Please someone should help me with this.

An elastic material has a length of 36cm when a load of 40N is hung on it and a length of 45cm when a load of 60N is hung on it. The original length of the string is ?

using youngs modules from hookes law that is strain. e/l, where e=length of material - initial length/original length 45-36=l l=9

To find the original length of the string, we can use the concept of Hooke's Law. Hooke's Law states that the extension of an elastic material is directly proportional to the applied force.

Let's denote the original length of the string as "L". We are given two scenarios:

1. When a load of 40N is hung on the string, its length is 36cm.
2. When a load of 60N is hung on the string, its length is 45cm.

Using Hooke's Law, we can set up two equations:

1. L + x = 36cm
Where "x" is the extension of the string when a load of 40N is applied.

2. L + y = 45cm
Where "y" is the extension of the string when a load of 60N is applied.
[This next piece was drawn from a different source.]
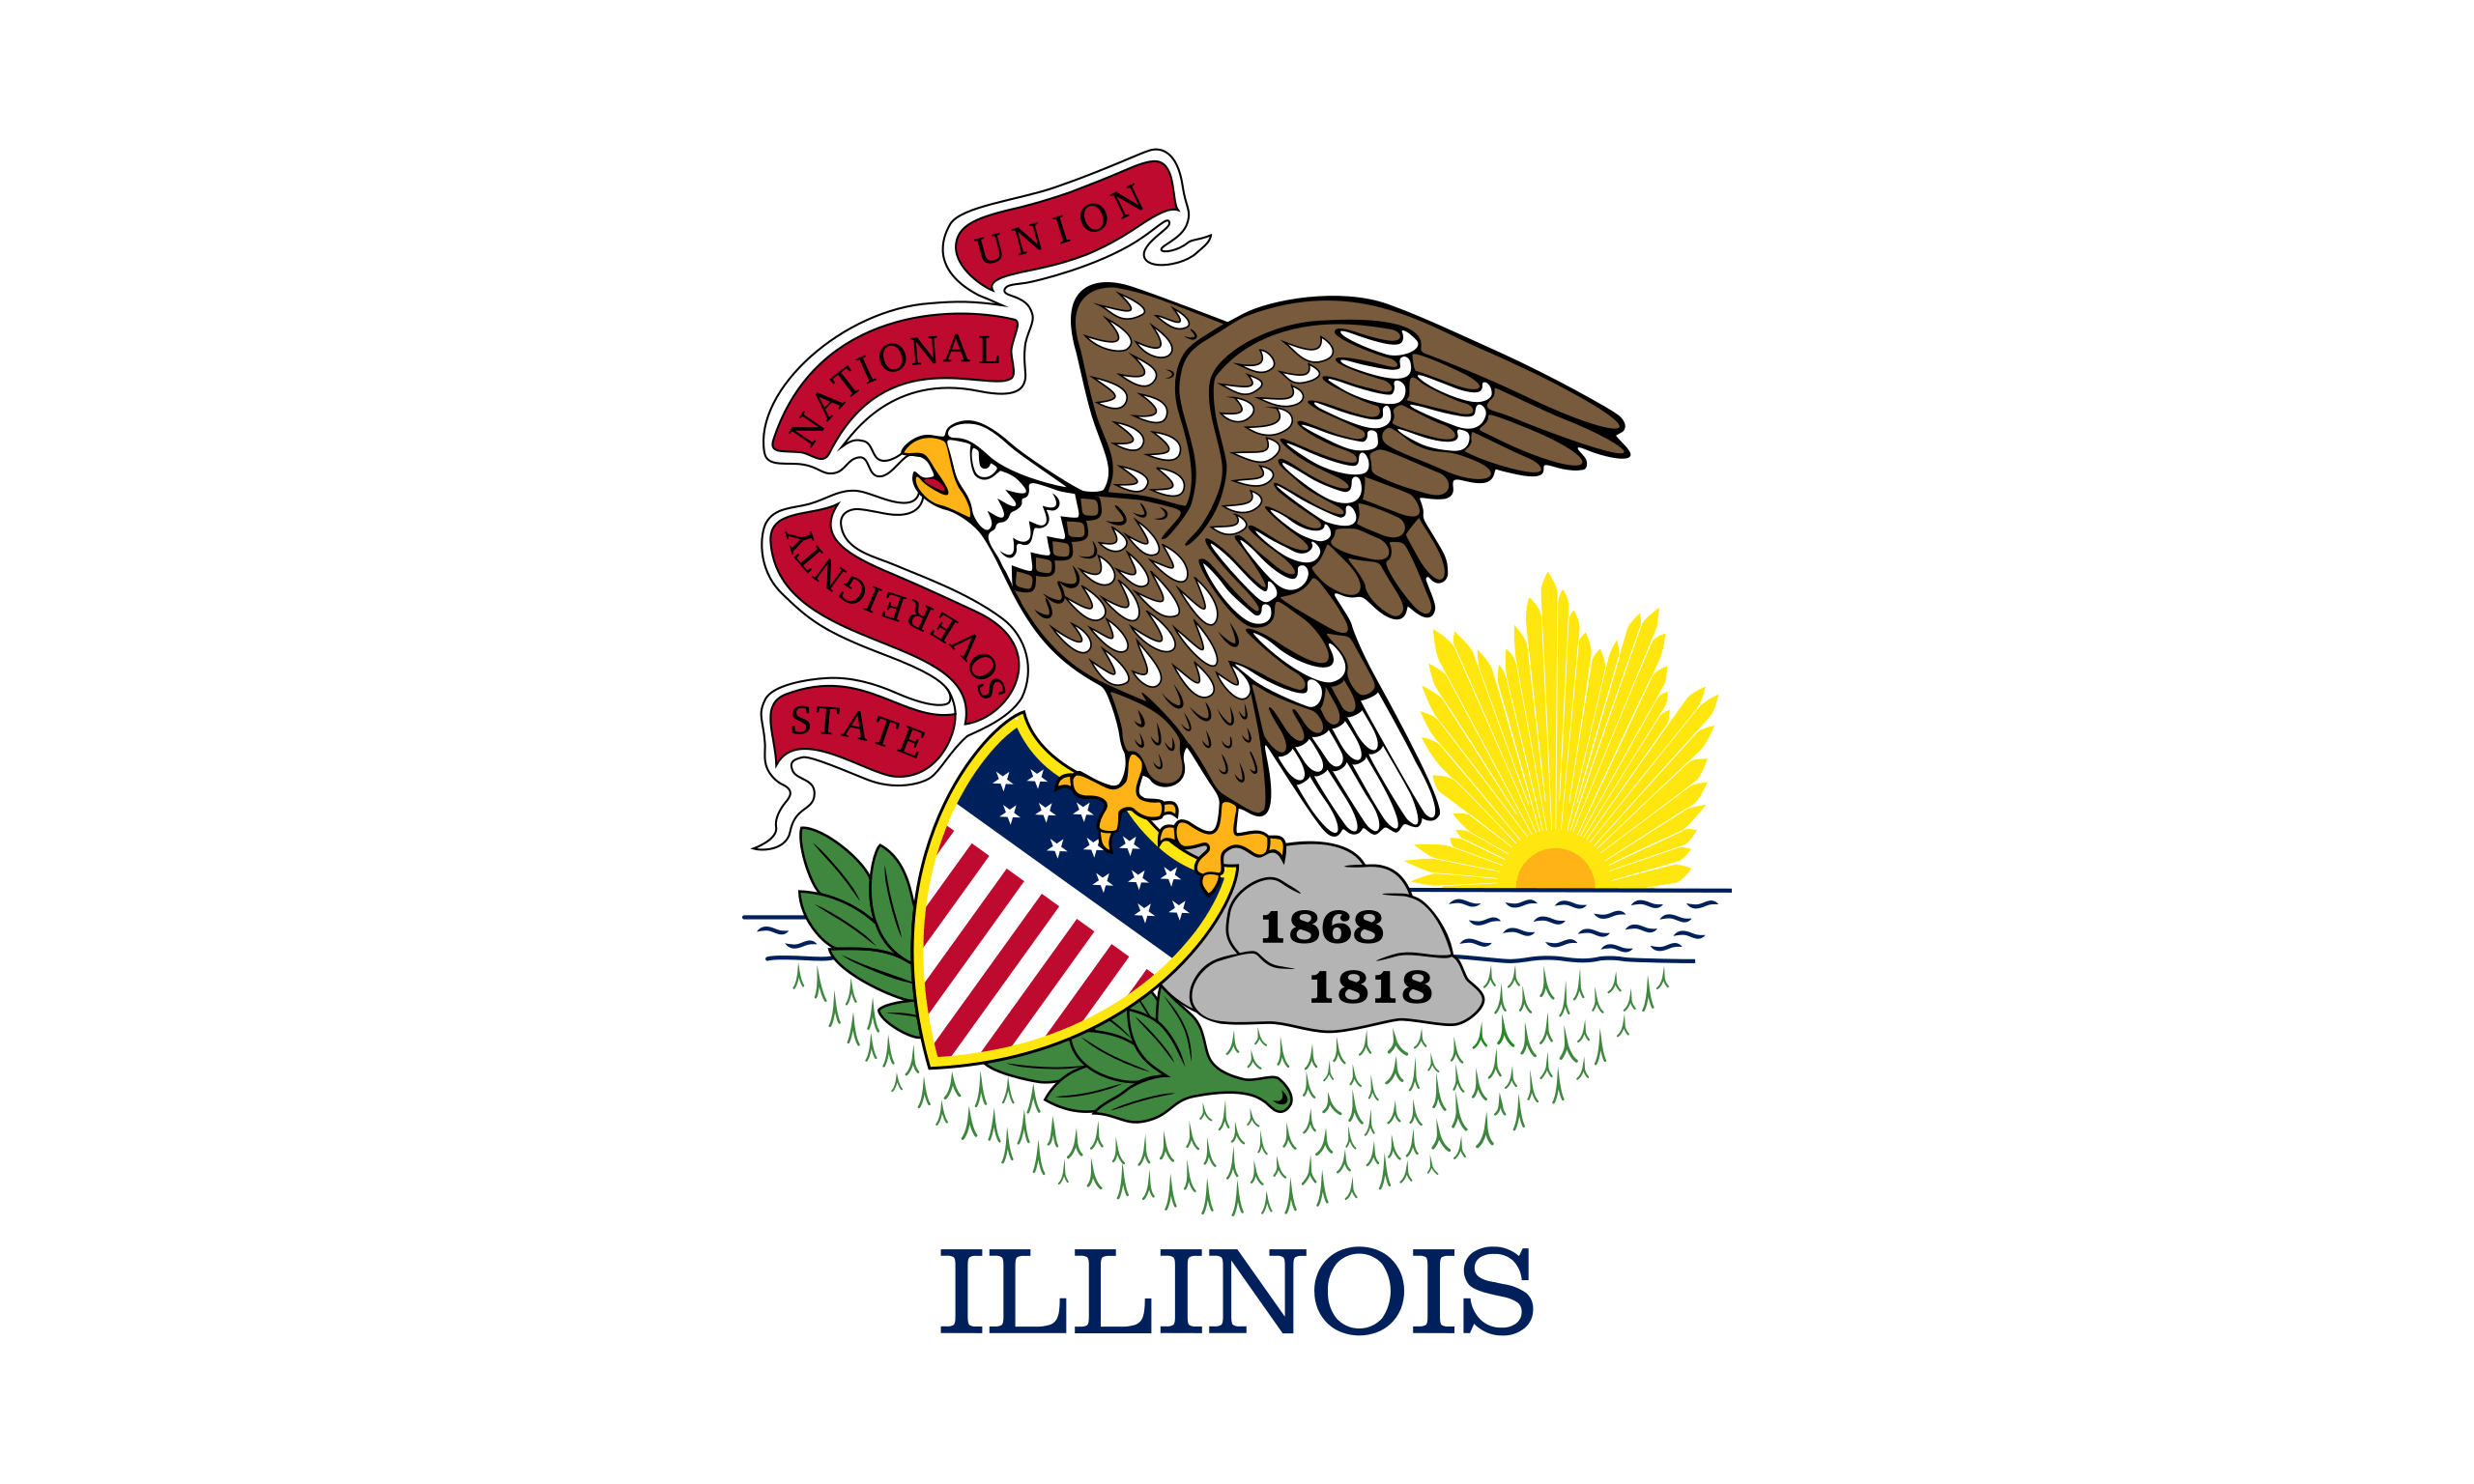 the Illinois State Flag

Now, we need to find the values of "x" and "y" to solve for the original length "L". We can do this by subtracting the original lengths from the given lengths:

1. x = 36cm - L
2. y = 45cm - L

Substituting these values back into the equations, we get:

1. L + (36cm - L) = 36cm
36cm = 2L
L = 18cm

2. L + (45cm - L) = 45cm
45cm = 2L
L = 22.5cm

Since these two equations produce different values for the original length "L" (18cm and 22.5cm), there seems to be an error or inconsistency in the given information or measurements. Please recheck your question or provide additional information if necessary.